● Provided data
=== Begin Enclosure ===

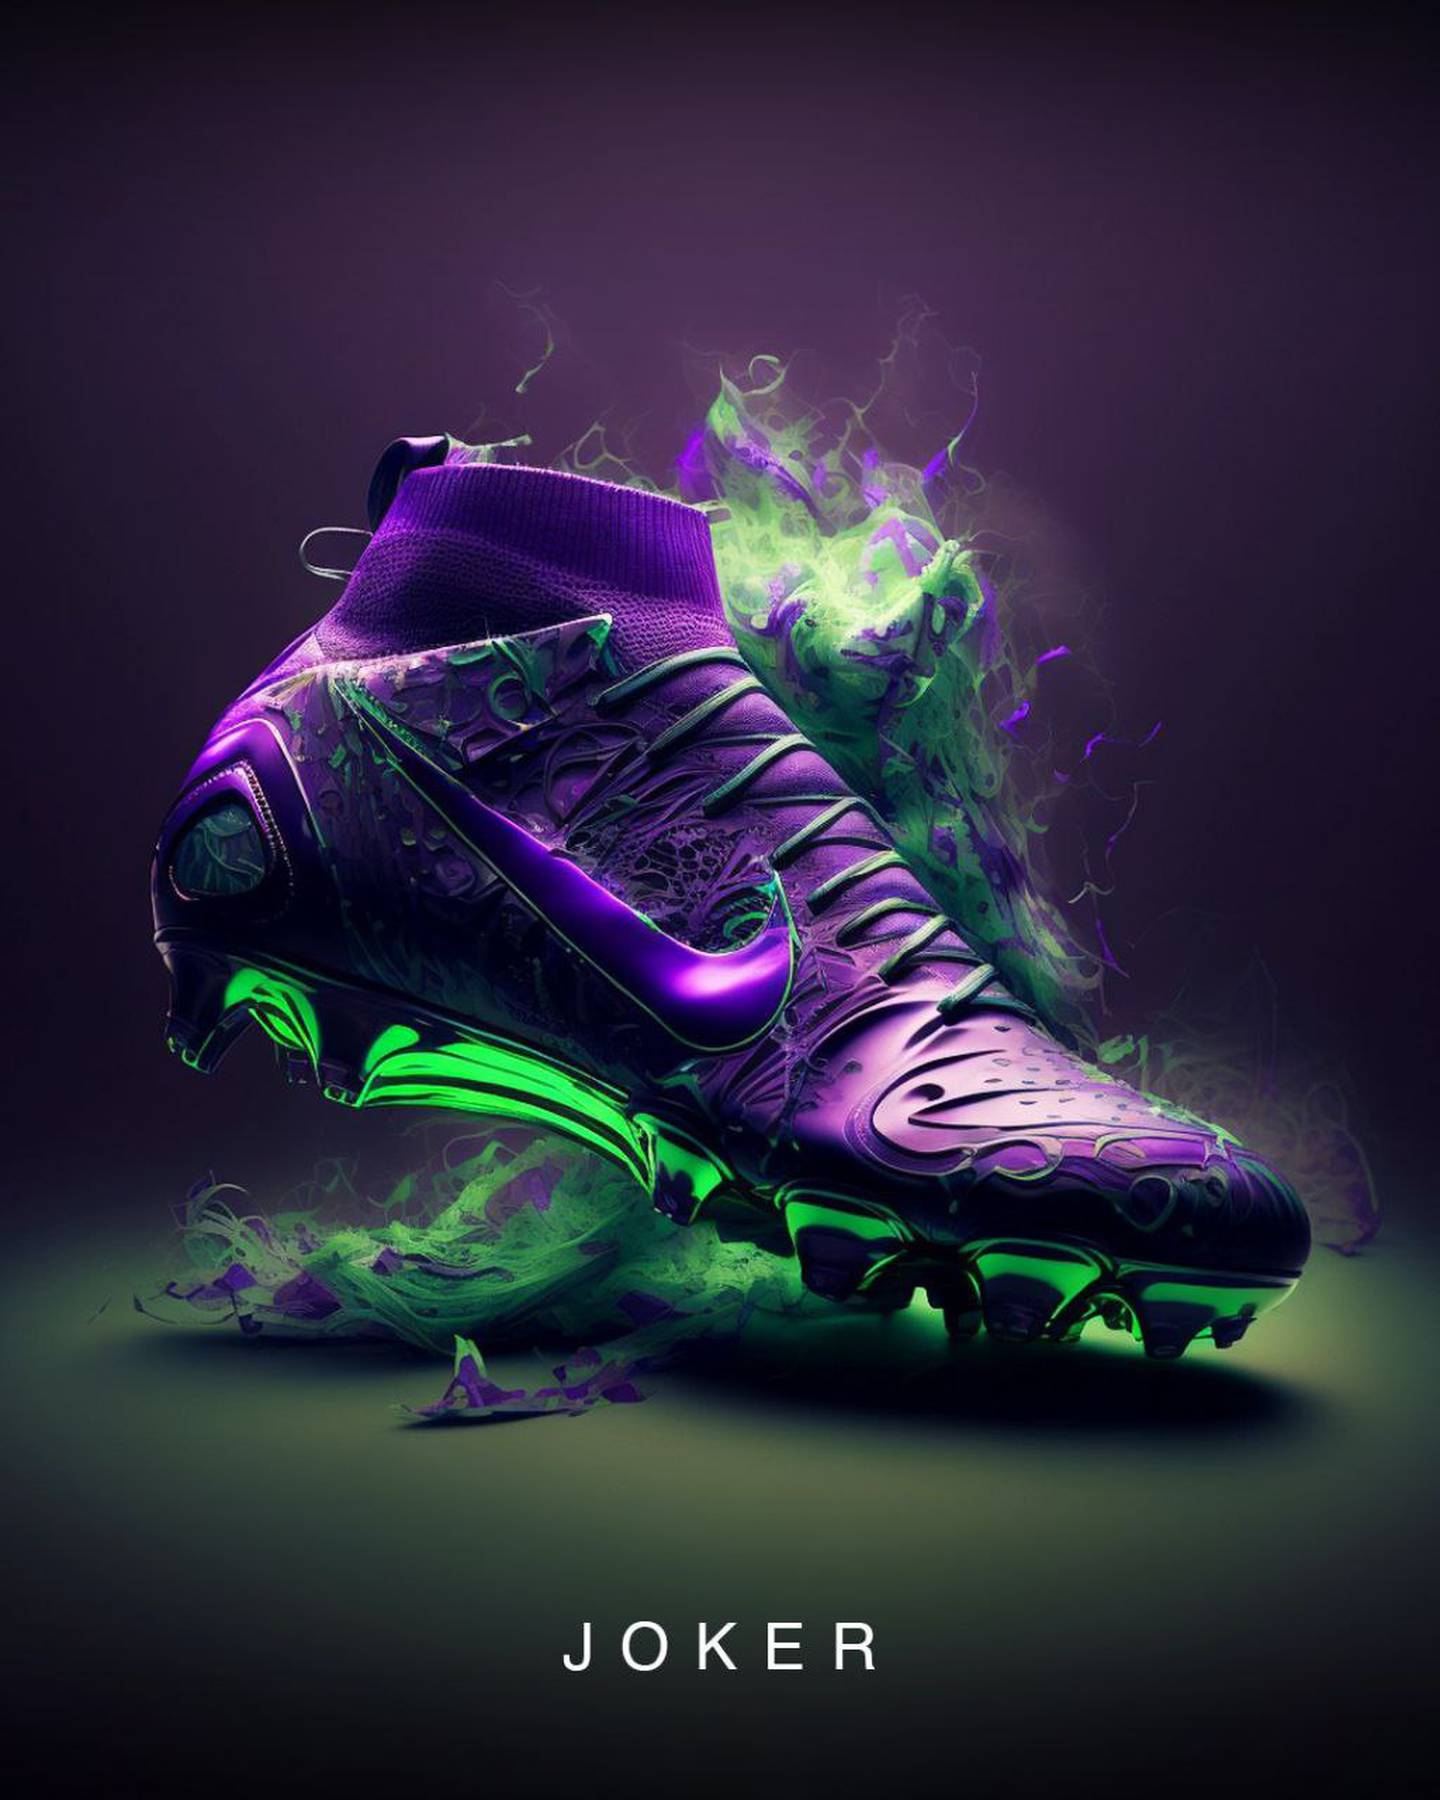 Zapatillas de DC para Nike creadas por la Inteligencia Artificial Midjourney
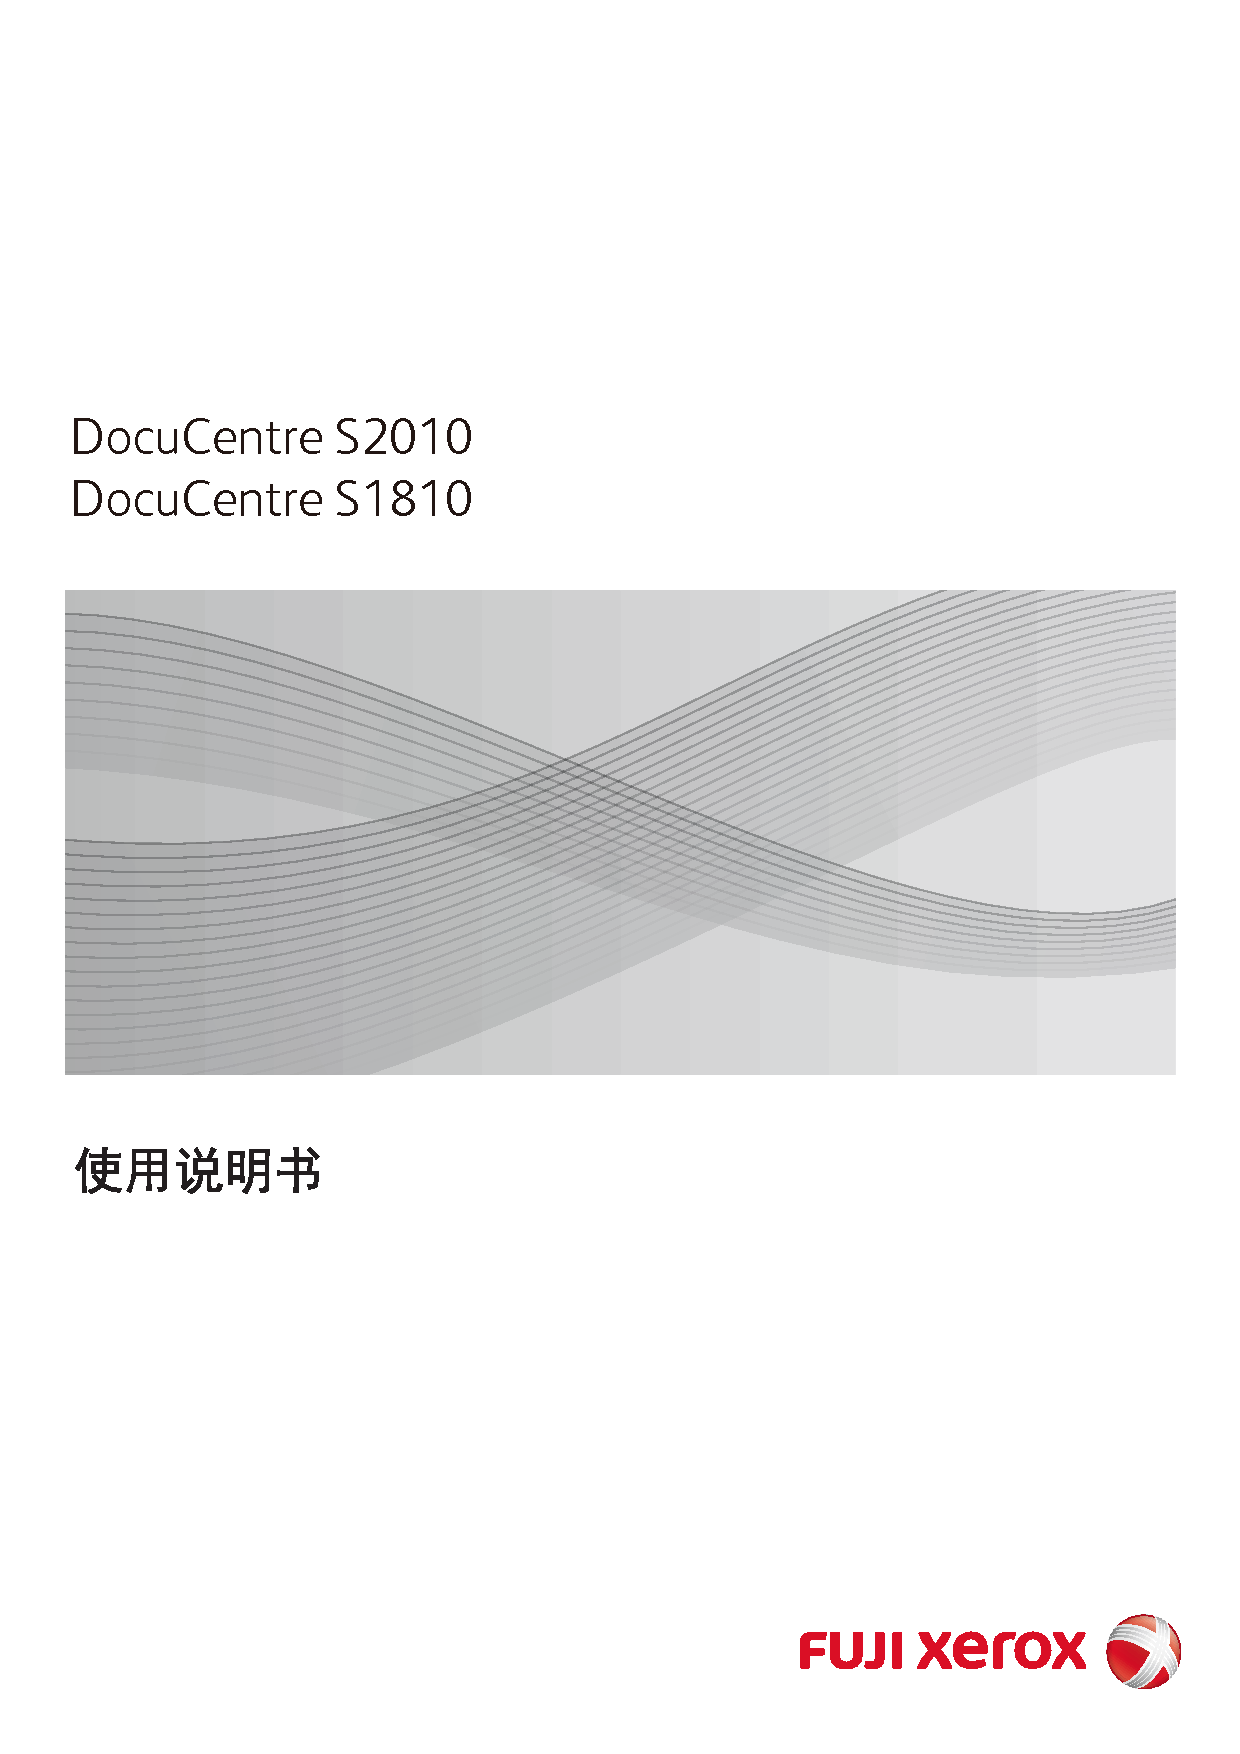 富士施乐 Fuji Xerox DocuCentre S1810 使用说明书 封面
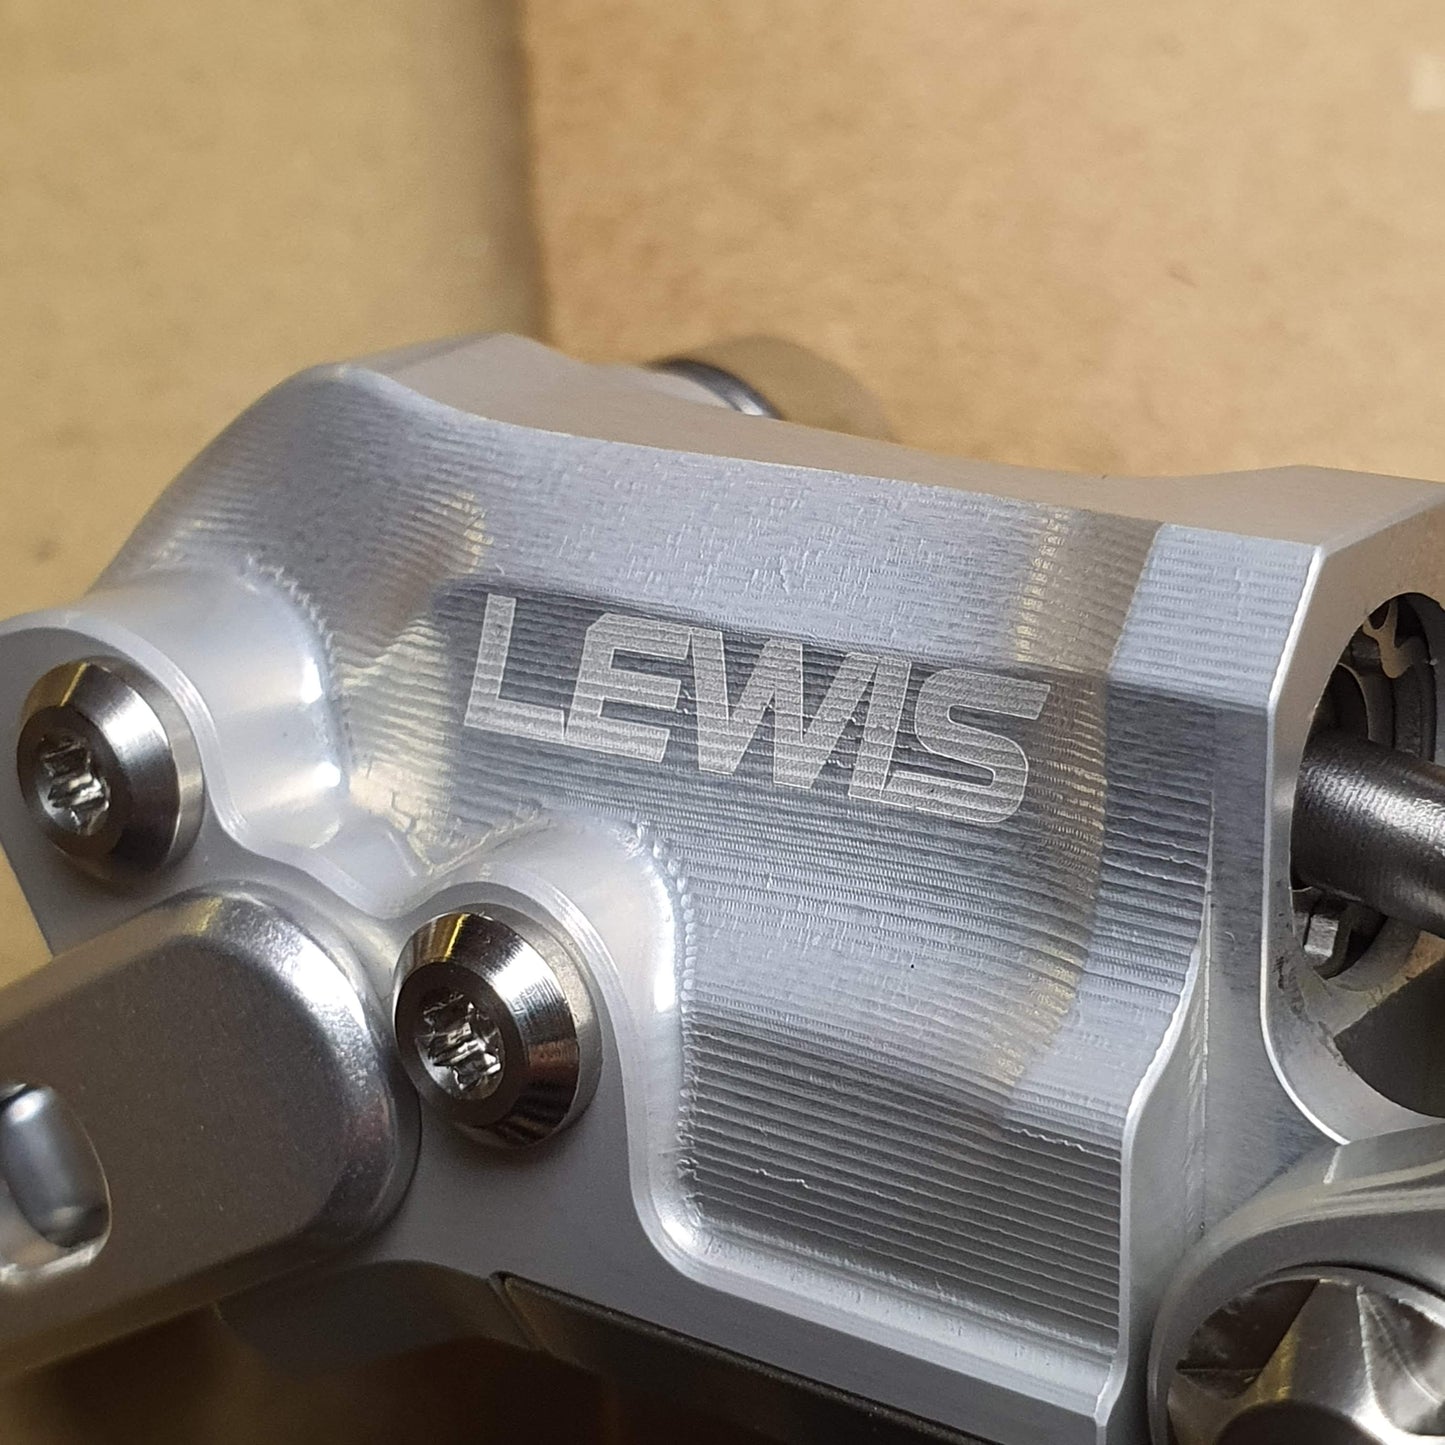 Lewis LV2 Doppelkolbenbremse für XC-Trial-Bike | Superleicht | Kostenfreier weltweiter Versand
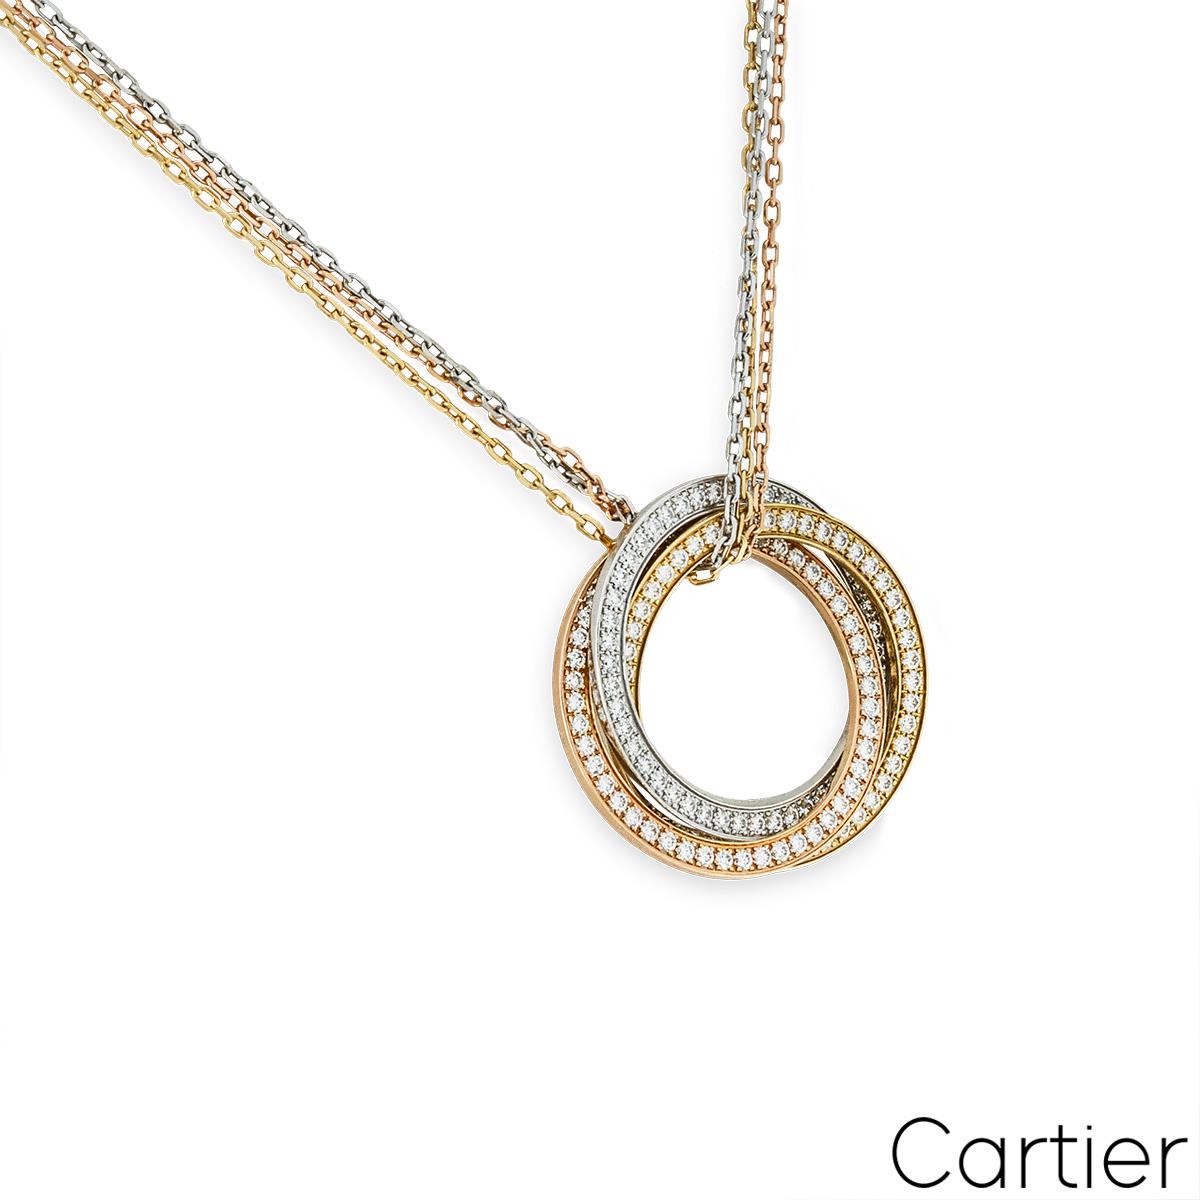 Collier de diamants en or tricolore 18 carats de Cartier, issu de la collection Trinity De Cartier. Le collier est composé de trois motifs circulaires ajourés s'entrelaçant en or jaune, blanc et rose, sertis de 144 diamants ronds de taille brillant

=== End Enclosure ===

● What this task involves
Reproduce the material word for word. Skip every picture it holds.

● Task output
 Zapatillas de DC para Nike creadas por la Inteligencia Artificial Midjourney
 富士施乐 Fuji Xerox DocuCentre S1810 使用说明书 封面
 Lewis LV2 Doppelkolbenbremse für XC-Trial-Bike | Superleicht | Kostenfreier weltweiter Versand
 Collier de diamants en or tricolore 18 carats de Cartier, issu de la collection Trinity De Cartier. Le collier est composé de trois motifs circulaires ajourés s'entrelaçant en or jaune, blanc et rose, sertis de 144 diamants ronds de taille brillant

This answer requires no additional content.